* _Exercise materials_
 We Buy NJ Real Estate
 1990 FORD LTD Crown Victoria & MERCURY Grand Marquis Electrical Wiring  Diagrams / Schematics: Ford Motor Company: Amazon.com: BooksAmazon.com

--

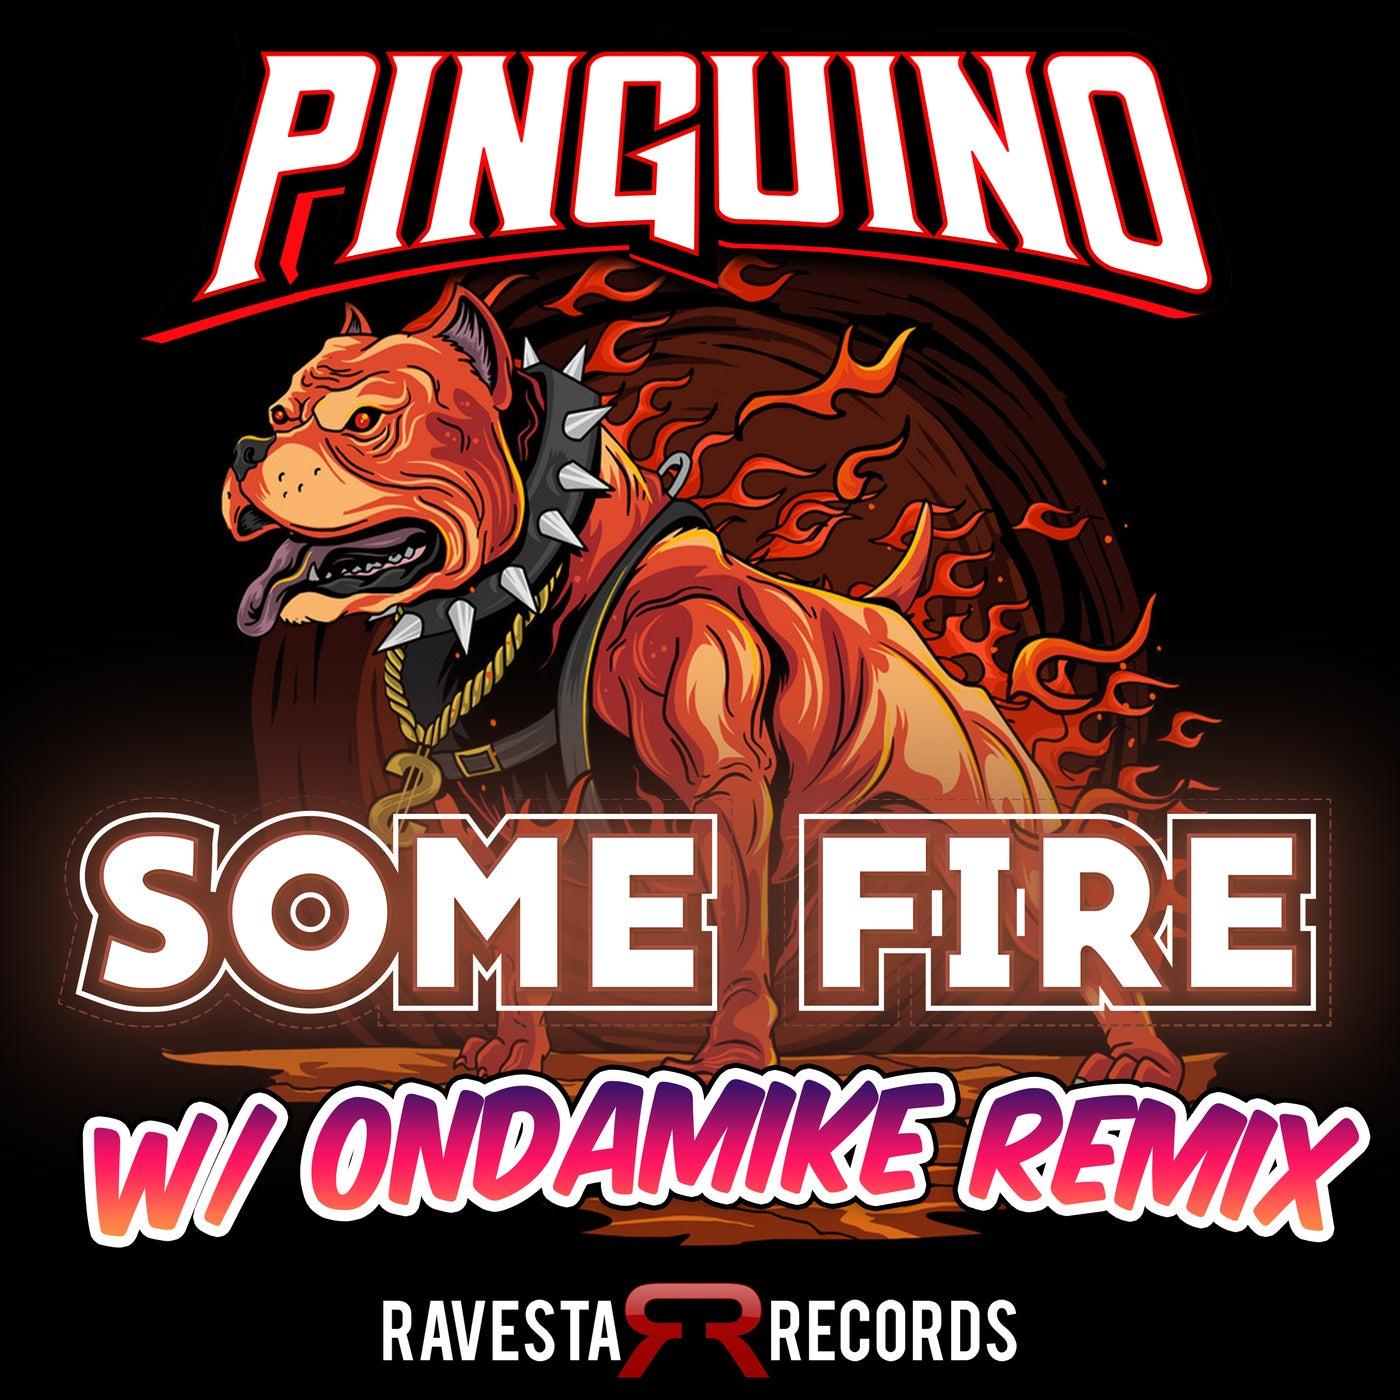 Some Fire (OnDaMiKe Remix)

* _Exercise requirements_
Reproduce, exactly as they stand in the data above, the lines from the one that holds "We Buy NJ Real Estate" to the one that holds "1990 FORD LTD", inclusive.

* _Reply_
 We Buy NJ Real Estate
 1990 FORD LTD Crown Victoria & MERCURY Grand Marquis Electrical Wiring  Diagrams / Schematics: Ford Motor Company: Amazon.com: BooksAmazon.com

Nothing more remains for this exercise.